● **Activity**: The listing below is to be given again in full and word for word, without its images.

● **Collected data**:
== Segment start ==

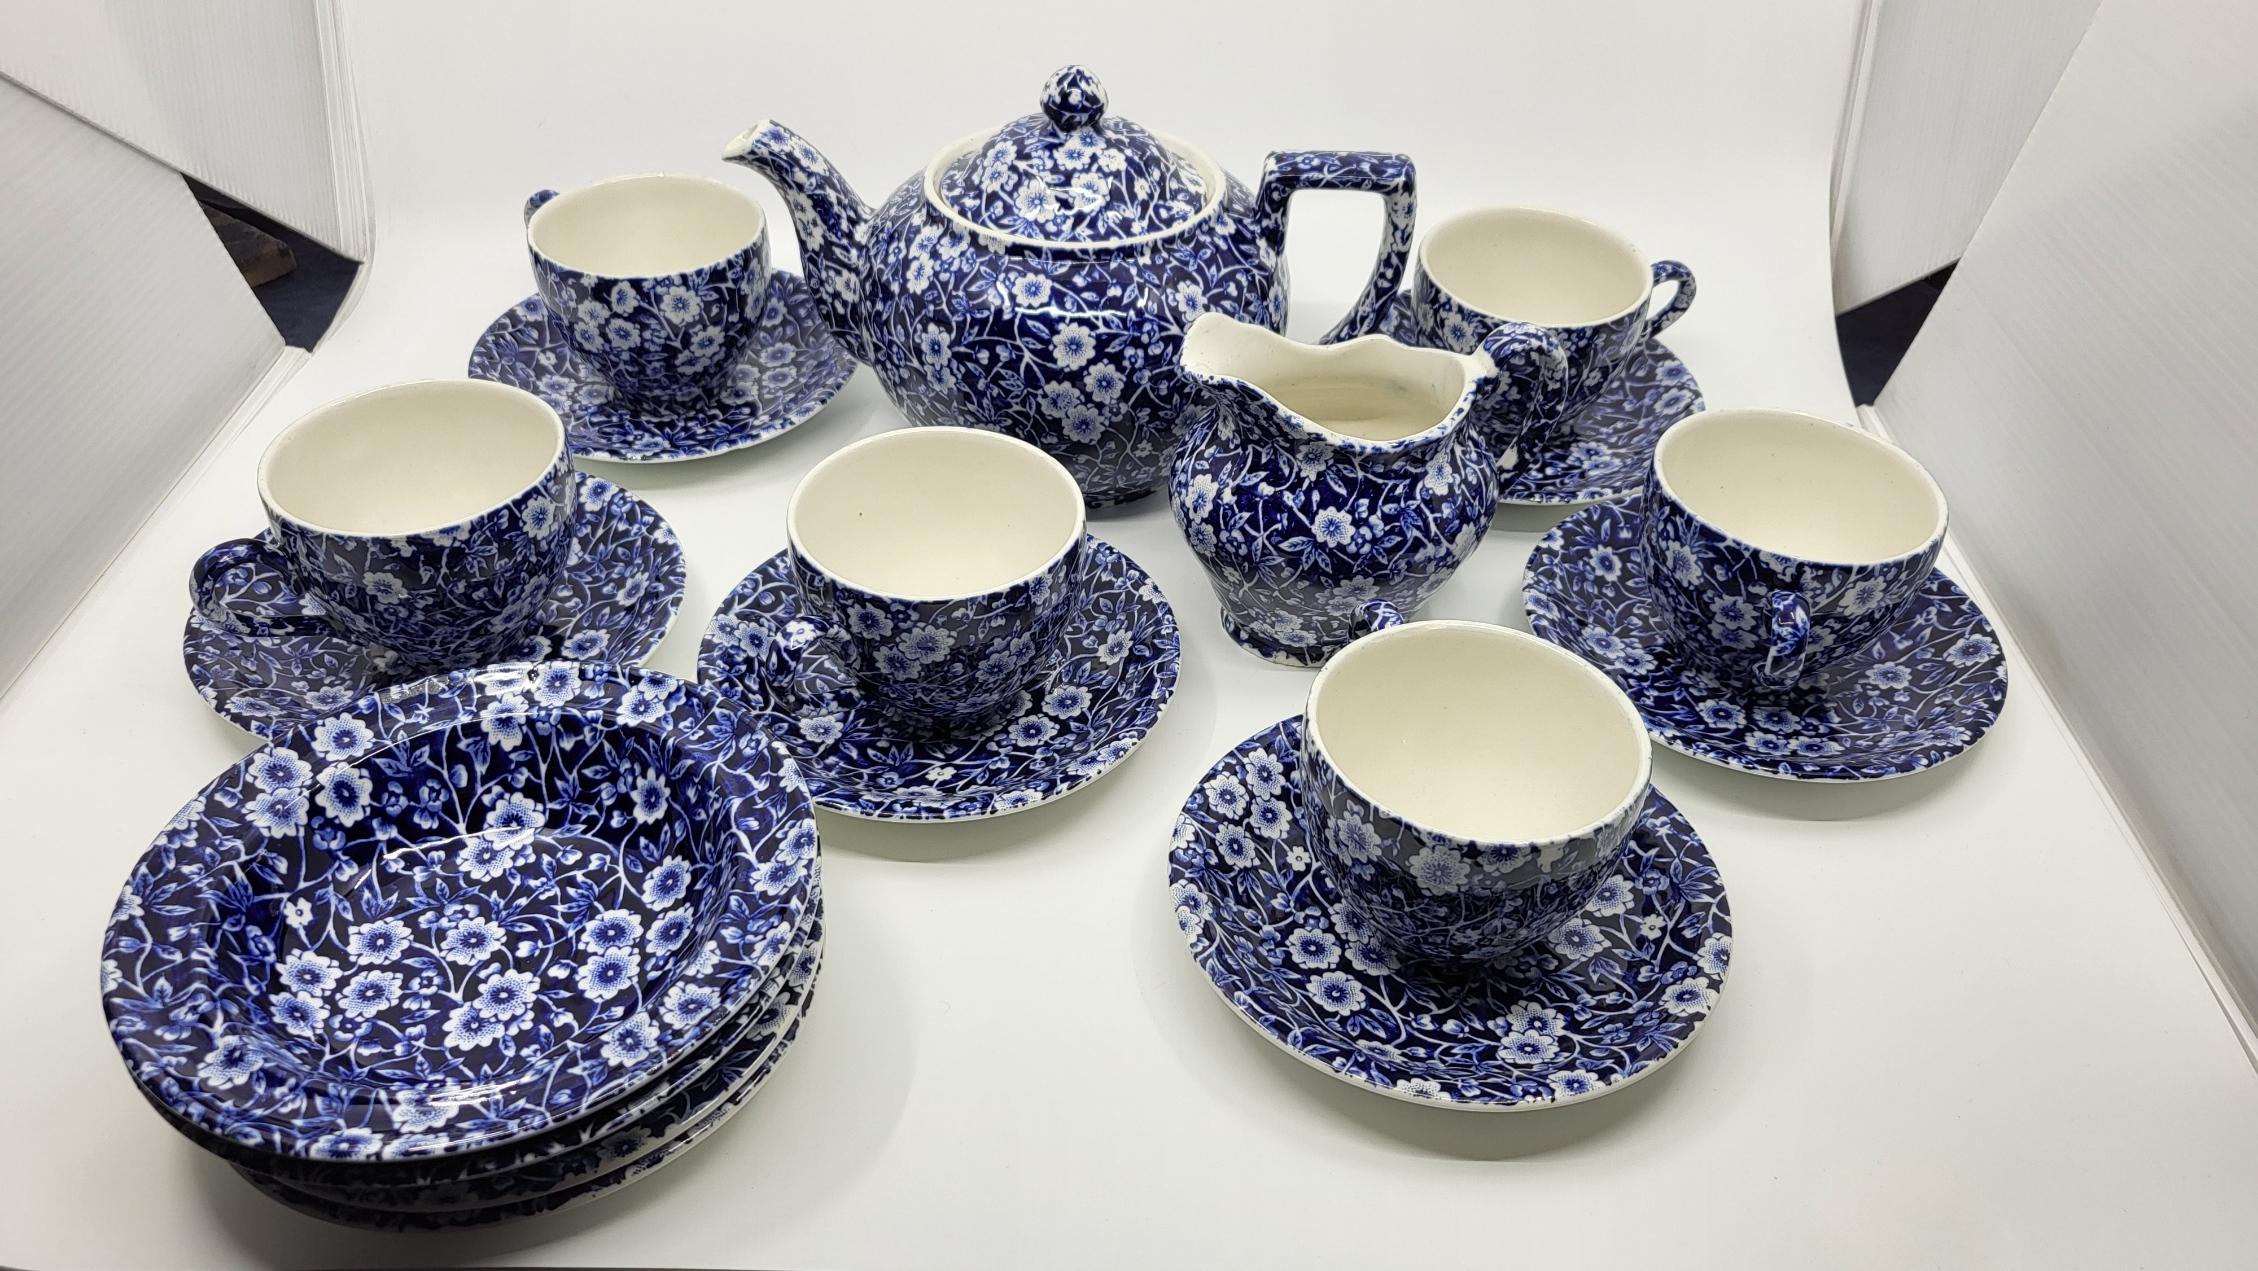 Service à thé ou café Calico, signé Burleigh Staffordshire England à fleurs bleues. Il se compose d'une théière, un pot à lait, 8 sous tasses, 6 tasses, 2 ramequins. Le tout est en état parfait jamais utilisé.
Juste un petit manque sur une sous
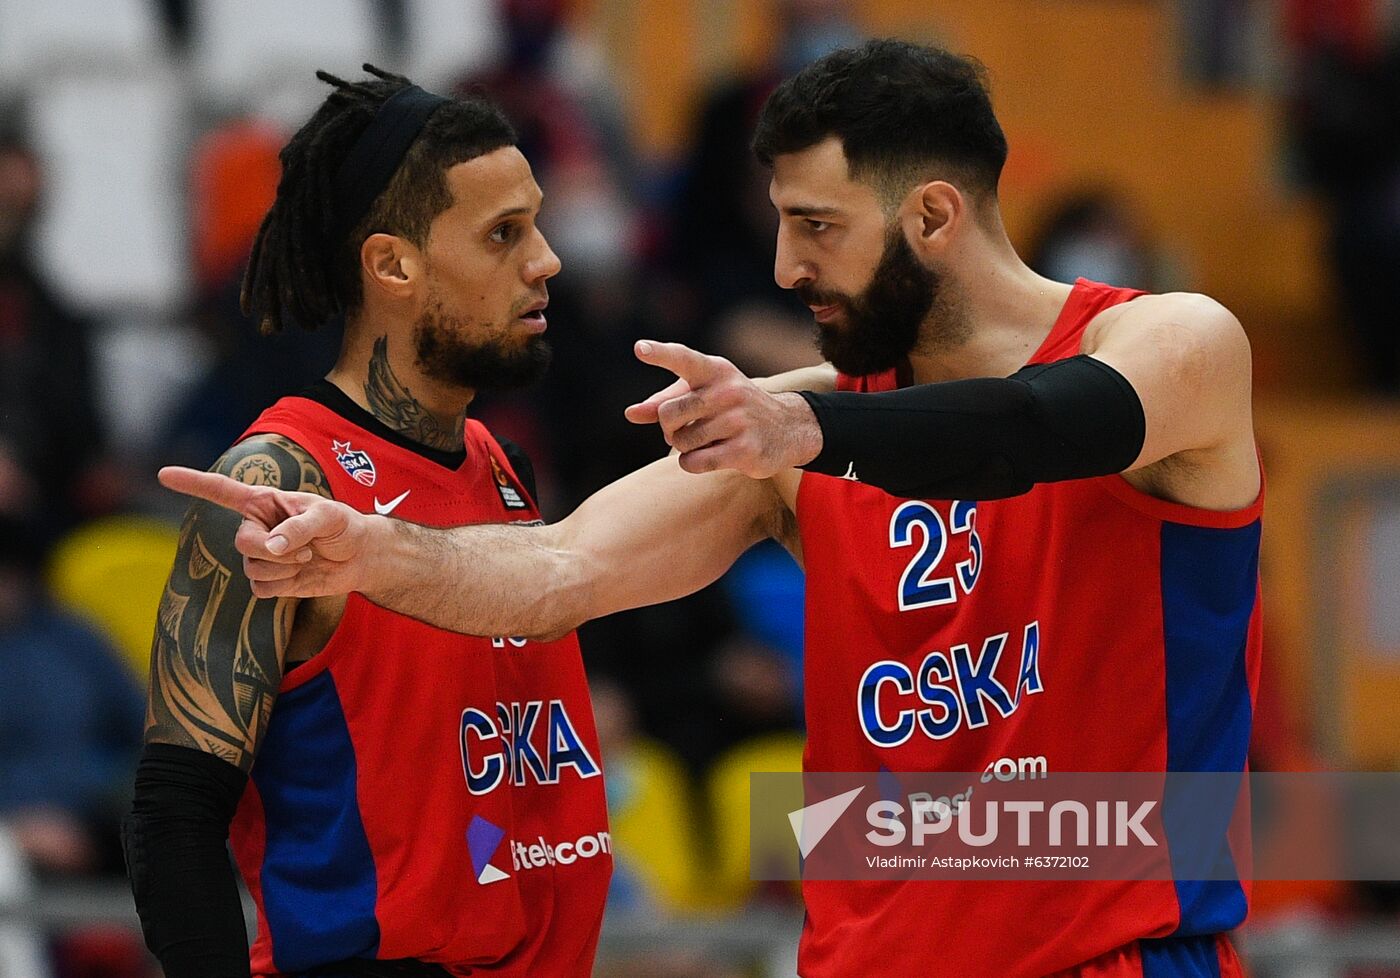 Russia Basketball Euroleague CSKA - Valencia

== Segment end ==

● **Answer box**:
 Service à thé ou café Calico, signé Burleigh Staffordshire England à fleurs bleues. Il se compose d'une théière, un pot à lait, 8 sous tasses, 6 tasses, 2 ramequins. Le tout est en état parfait jamais utilisé.
Juste un petit manque sur une sous
 Russia Basketball Euroleague CSKA - Valencia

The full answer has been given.